Exercise in exact copying: restate word for word only the lines below from the one containing "Lot 129: J. W. Wallace, East TN Landscape" through the one containing "Детского шерстяная шапка", omitting any pictures.

*** Excerpted records Section Begins ***

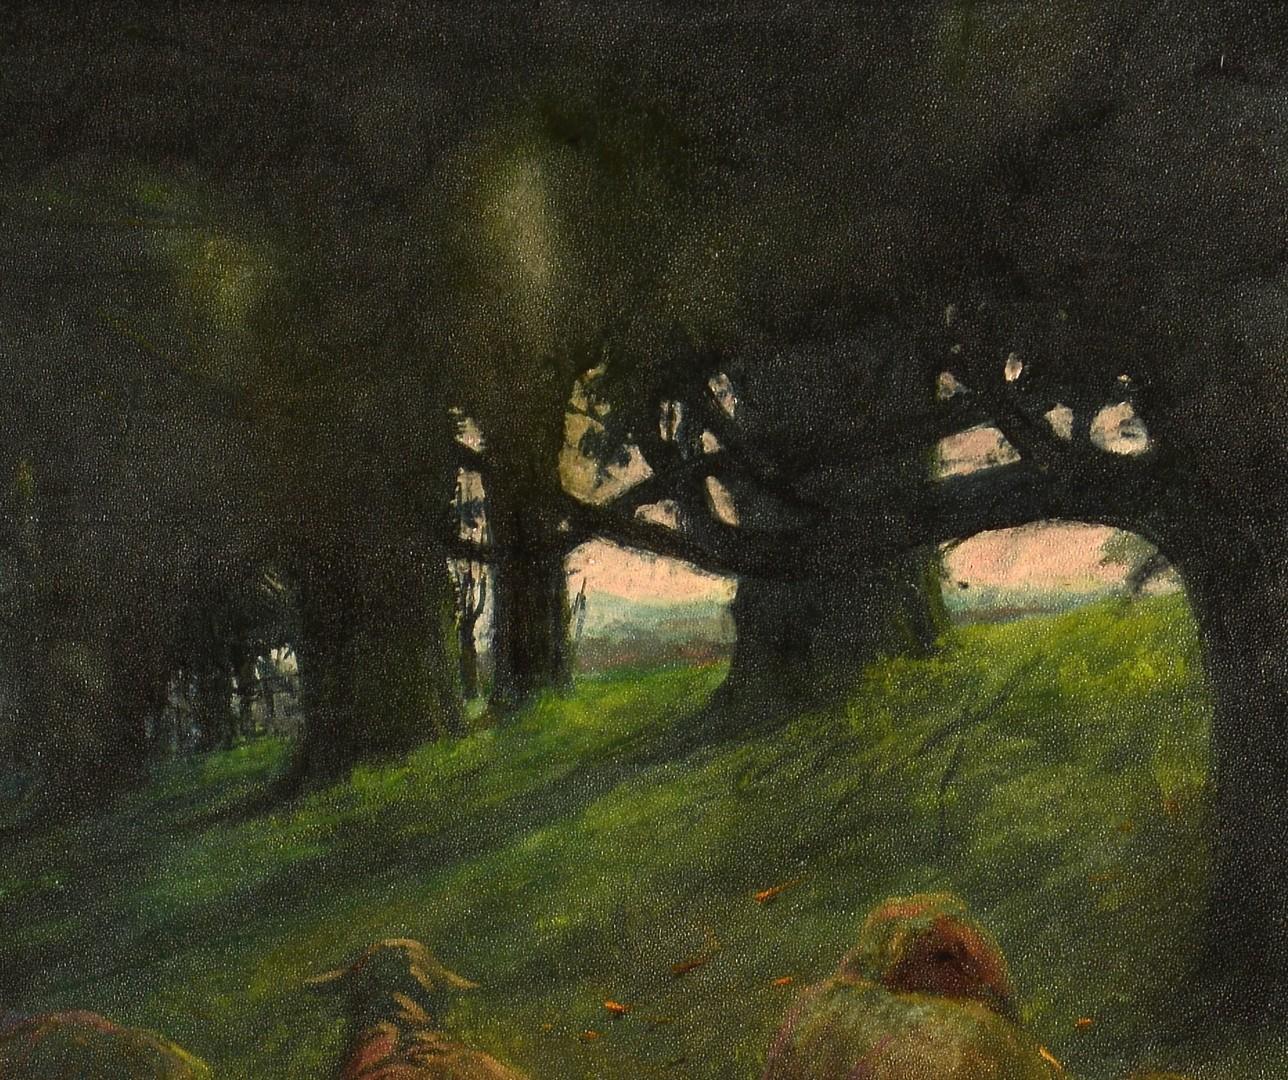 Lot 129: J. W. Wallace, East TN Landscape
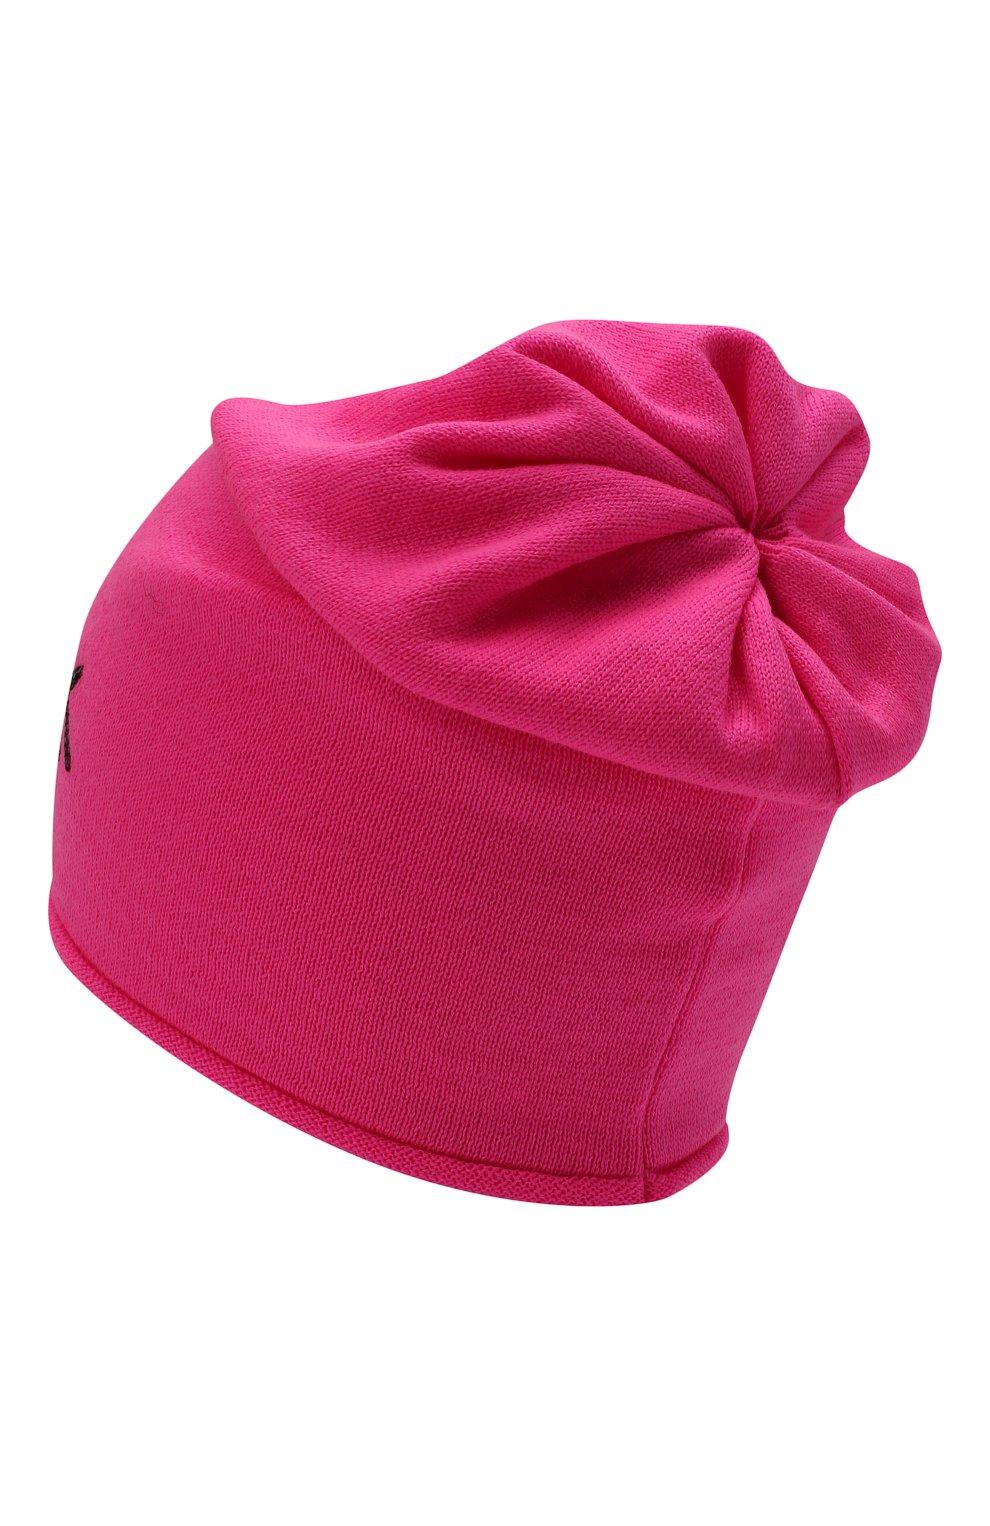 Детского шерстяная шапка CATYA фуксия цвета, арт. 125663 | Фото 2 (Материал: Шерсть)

*** Excerpted records Section Ends ***
*** Excerpted records Section Begins ***

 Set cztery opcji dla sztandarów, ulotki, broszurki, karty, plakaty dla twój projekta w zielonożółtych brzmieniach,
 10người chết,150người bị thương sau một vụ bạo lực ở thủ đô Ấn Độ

*** Excerpted records Section Ends ***

** Expected answer **
 Lot 129: J. W. Wallace, East TN Landscape
 Детского шерстяная шапка CATYA фуксия цвета, арт. 125663 | Фото 2 (Материал: Шерсть)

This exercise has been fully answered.